Миммо схватил Патти за руку и потащил было ее за собой, но она не двинулась с места. Уперлась.
— Ни за что. Не пойду. Если этот будет в доме — я не стану.
Тогда Миммо пустил в ход последний козырь: вытащив щедрым жестом из бумажника десять тысяч лир, попросил Пьетро купить ему сигарет.
— А на сдачу купи себе большое мороженое и сыграй пару раз во что-нибудь.
— Не могу. Папа сказал, чтобы я сидел дома. Мне надо дождаться мастера для стиральной машины, — очень серьезно ответил Пьетро. — Папа рассердится, если я уйду.
— Не переживай. Я обо всем позабочусь. Я покажу мастеру машину сам. А ты сходи за сигаретами.
— Но… но… папа рассердится. Я не…
— Давай иди и не ной. — Миммо сунул деньги ему в карман джинсов и выпихнул его за дверь.

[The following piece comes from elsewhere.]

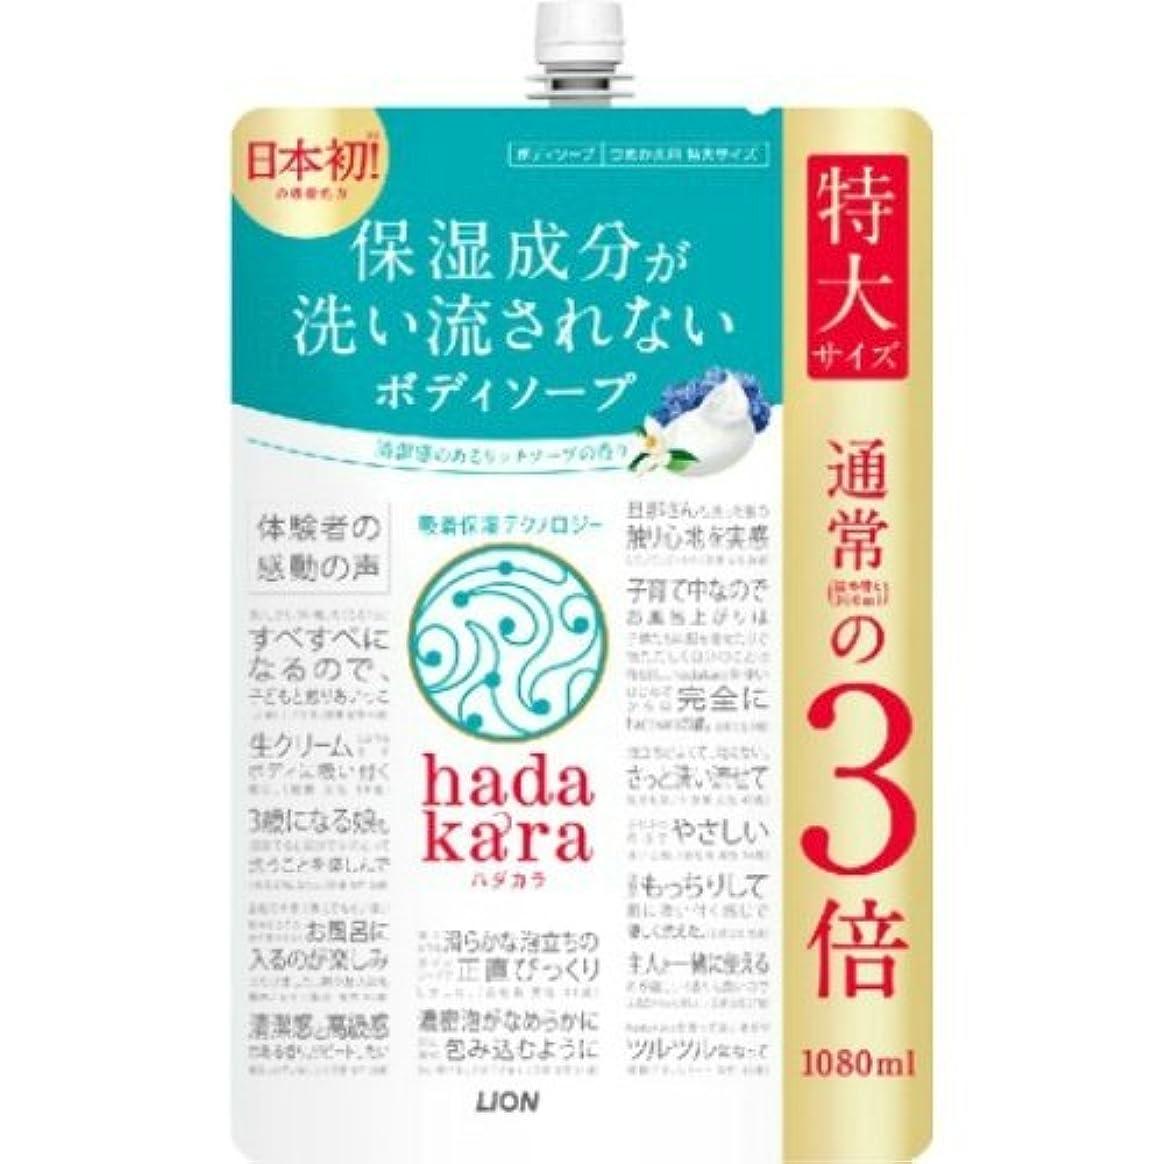 加速する以来遺伝子LION ライオン hadakara ハダカラ ボディソープ リッチソープの香り つめかえ用 特大サイズ 1080ml ×3点セット(4903301260882)

Разумеется, все пошло по наихудшему сценарию.
Пьетро поехал в город, по дороге встретил Глорию, направлявшуюся на занятие по верховой езде, и она уговорила его ехать с ней, а он, как всегда, поддался. Тем временем приехал мастер. Оказался перед закрытой дверью, позвонил, но Миммо его не слышал: он героически сражался с обтягивающими штанами Патти (которая оказалась редкой подлюкой: она слышала, но ничего не сказала). Мастер ушел. В половине восьмого, на час раньше, чем ожидалось, синьор Морони с супругой припарковали свой автомобиль во дворе.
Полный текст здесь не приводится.